Governments should continue to withdraw support measures related to energy products to ensure a sustainable continuation of the deflationary process, the European Central Bank said in its latest economic bulletin published on Thursday.
Economic growth may be lower if the impact of monetary policy turns out to be stronger than expected, the authors of the report noted. A more modest development of the world economy or a further slowdown in international trade will also affect economic progress in the Eurozone.
Russia’s unjustified war in Ukraine and the tragic conflict in the Middle East are the main sources of geopolitical risk. As a result, companies and the public may become less certain about future events and international trade may be disrupted
The evolution of the economy remains modest
The evolution of the economy remains modest. Consumers continued to hold back on spending, investment slowed and corporate exports contracted, reflecting a slowdown in external demand and some losses in competitiveness. However, surveys point to a gradual recovery until 2024.
As inflation declines and wages continue to rise, real incomes will recover, supporting economic growth. In addition, the inhibitory effect of previous interest rate increases will gradually disappear, and demand for eurozone export goods should increase. The unemployment rate is at its lowest level since the introduction of the euro.
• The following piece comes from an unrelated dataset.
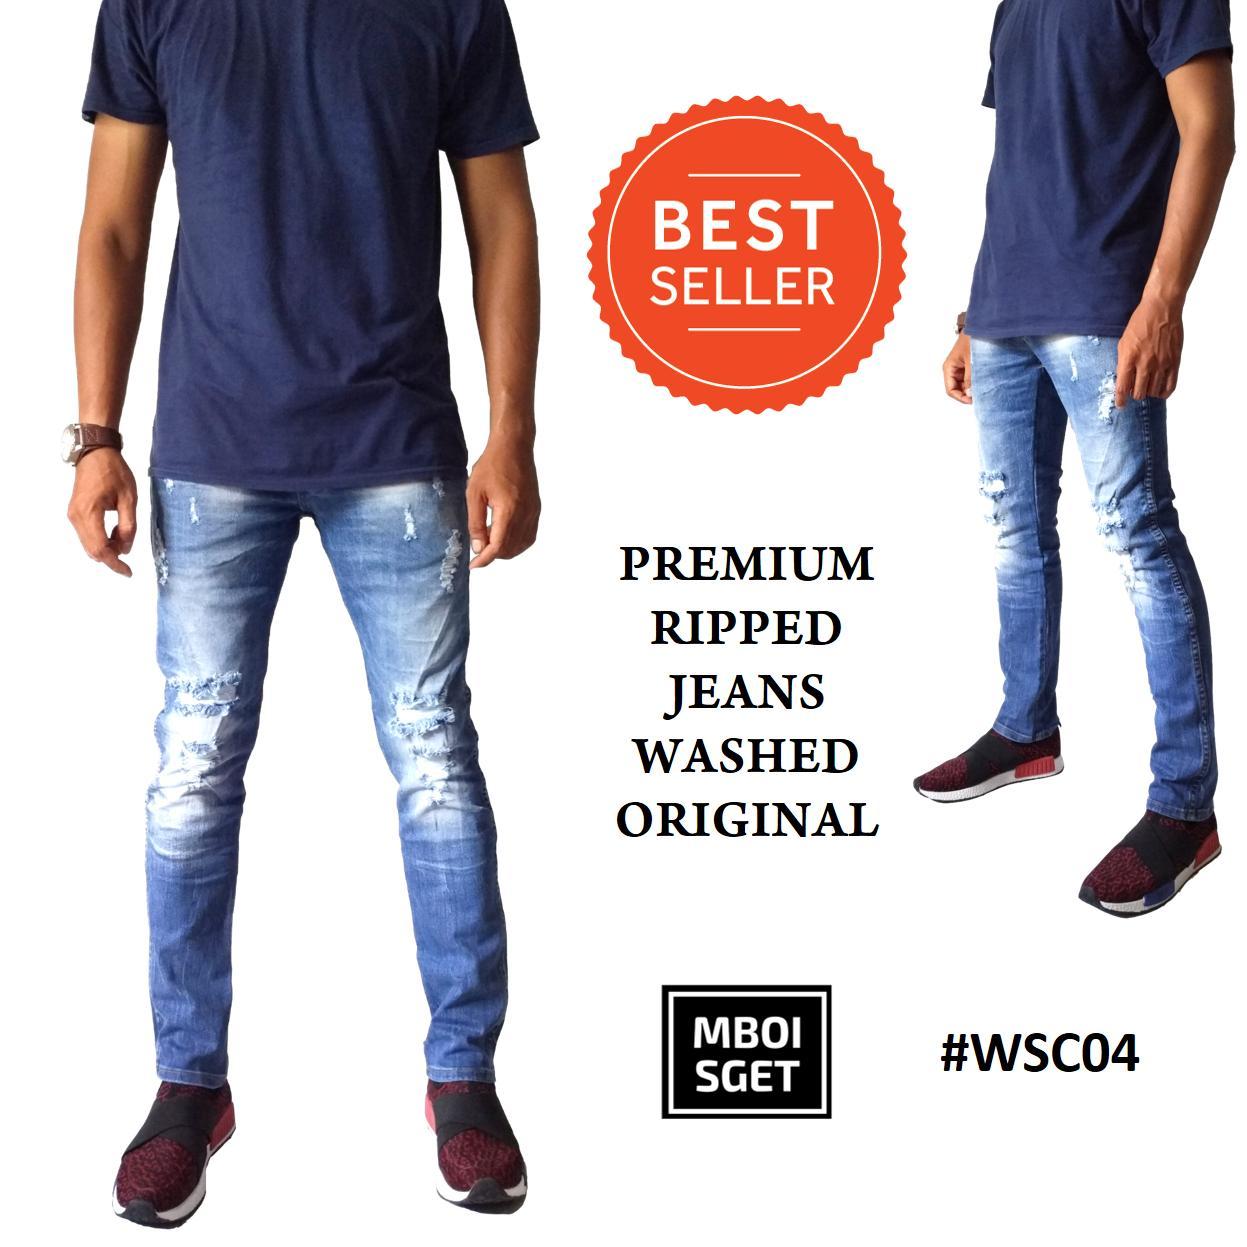 Mboisget WSC04 Wiscer Jeans Original Brand Celana Panjang Jeans Pria Cowok Premium Ripped Washed Sobek Slimfit Skinny Street Pensil

Employment rose 0.3% in the fourth quarter of 2023, again outpacing the pace of economic activity. Therefore, the output per person decreased even more.
At the same time, employers are announcing job cuts, and fewer companies are reporting production cuts due to worker shortages. According to the March 2024 forecasts, economic growth is expected to gradually intensify during the current year as real disposable incomes increase on the back of lower inflation and stable wage dynamics, and the exchange rate improves.
Given that current disruptions in Red Sea shipping are unlikely to result in significant new supply constraints, export dynamics are forecast to catch up with external demand, which is expected to strengthen. In the medium term, the recovery is also believed to be supported by a gradual dissipating of the impact of the ECB’s monetary policy tightening. Overall, average annual real GDP growth is expected to be 0.6% in 2024 and to strengthen to 1.5% in 2025 and 1.6% in 2026. Compared to the macroeconomic forecasts of the Eurosystem staff in December 2023, the GDP growth forecast was revised downwards. for 2024.